EdX and breadcrumbs of data
The quest for modulestore.json and other tales of EdX data analytics is a multi-chapter blog story examining my experiences of educational data mining based on a short course I took while at UC Berkeley.
EdX is one of the big MOOC platforms out there, originating from MIT and Harvard. They provide the platform in the clouds but you can download the full code also and run it on your own. The courses are formed in the traditional MOOC way: there are weeks, and per week there are (video) lectures, exercises and assignments, discussion and other materials. The exercises can take several forms, like multi-choices, inputting equations, numbers or text or pointing from the picture, or if you really need something you can develop your own modules too.
The cool part for us, the researchers, is users’ interaction with the site is stored in a huge file. I mean huge, enormous! And the data logged is also rather detailed, for videos the level is checking when transcripts are displayed and when not. Everything is stored in a nice format that can be accessed
{"username": "miller", "host": "class.stanford.edu", "session": "fa715506e8eccc99fddffc6280328c8b", "event_source": "browser", "event_type": "hide_transcript", "time": "2013-07-31T06:27:10.877992+00:00", "ip": "27.7.56.215", "event": "{\"id\":\"i4x-Medicine-HRP258-videoalpha-09839728fc9c48b5b580f17b5b348edd\", \"code\":\"fQ3-TeuyTOY\", \"currentTime\":0}", "agent": "Mozilla/5.0 (Windows NT 6.1; WOW64) AppleWebKit/537.36 (KHTML, like Gecko) Chrome/28.0.1500.72 Safari/537.36", "page": "https://class.stanford.edu/courses/Medicine/HRP258/Statistics_in_Medicine/courseware/495757ee7b25401599b1ef0495b068e4/6fd116e15ab9436fa70b8c22474b3c17/" }
{"username": "jane", "host": "class.stanford.edu", "event_source": "server", "event_type": "/courses/Education/EDUC115N/How_to_Learn_Math/modx/i4x://Education/EDUC115N/combinedopenended/c415227048464571a99c2c430843a4d6/get_results", "time": "2013-07-31T06:27:06.222843+00:00", "ip": "67.166.146.73", "event": "{\"POST\": { \"task_number\": [\"0\"]}, \"GET\": {}}", "agent": "Mozilla/5.0 (Macintosh; Intel Mac OS X 10_7_5) AppleWebKit/537.36 (KHTML, like Gecko) Chrome/28.0.1500.71 Safari/537.36", "page": null }
(Examples are documented as part of a parser)

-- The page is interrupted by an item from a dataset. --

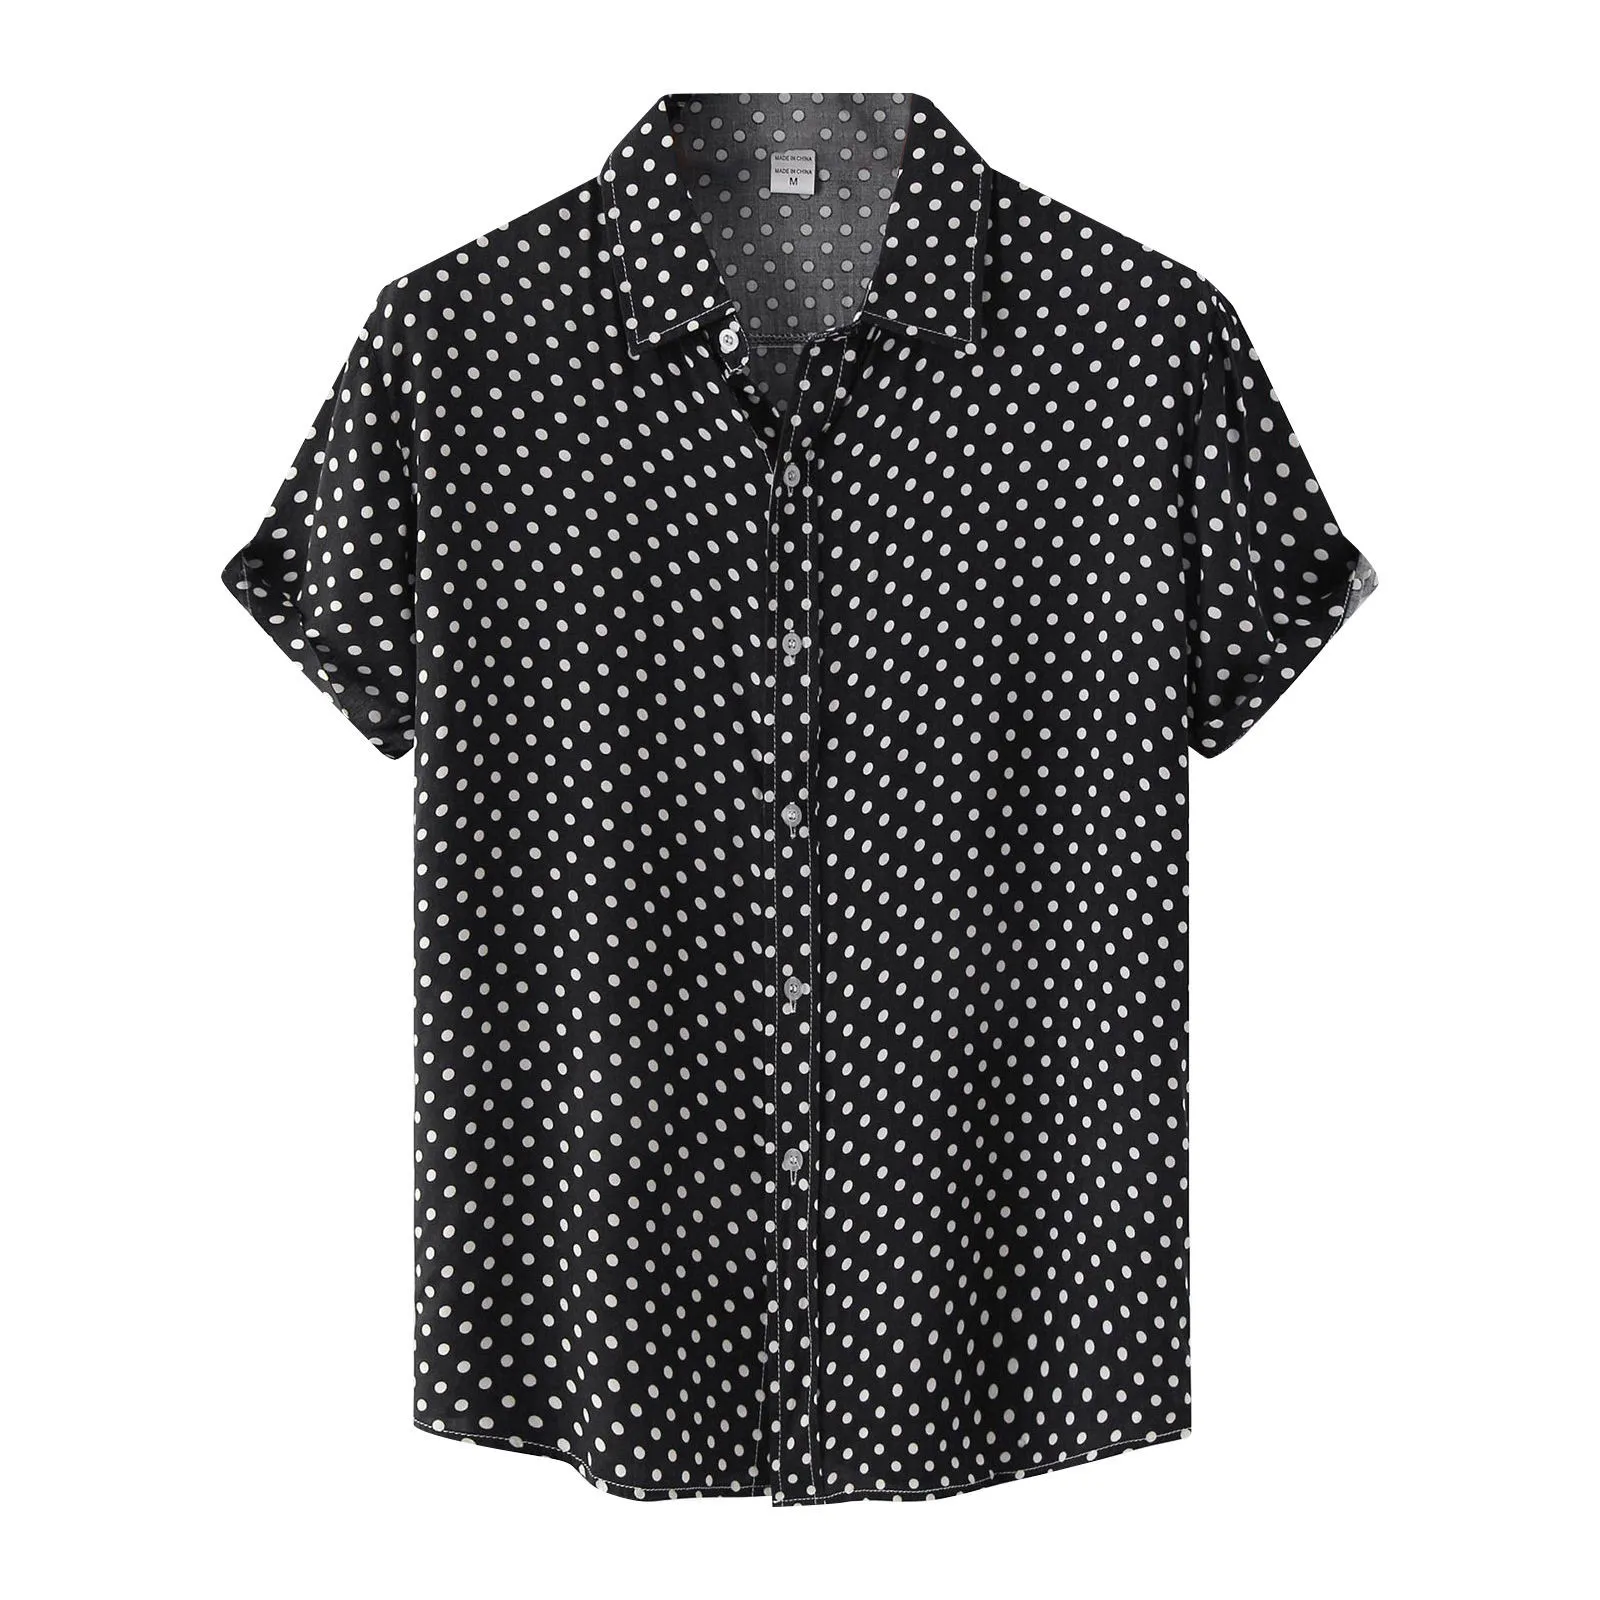 

Men'S Polka Dot Print Shirts Summer Leisure Vacation Printed Blouse Tops Daily Fashion Causal Lapel Short Sleeve Shirts

However, to conduct any research on this, we first need to get the correct data out from these files. So try to extract whatever is there and understand what it means: the first example is related to use of transcripts, but the latter one is someone checking the results on a certain exercise. So if we examine interactions with video, the latter is just waste! Luckily we are not alone here. Both Stanford and Harvard have written some scripts to extract the data. On the course, I took more careful look on the Stanford side of the scripts, and first just tried to run the script, however that try was not that successful:
The authenticity of host 'deploy.prod.class.stanford.edu (54.215.215.123)' can't be established.
So it seemed their scripts have interesting dependencies with Stanford servers and we indeed needed to get our hands dirty. I did what I do best: wrote some additional code and solved the problems.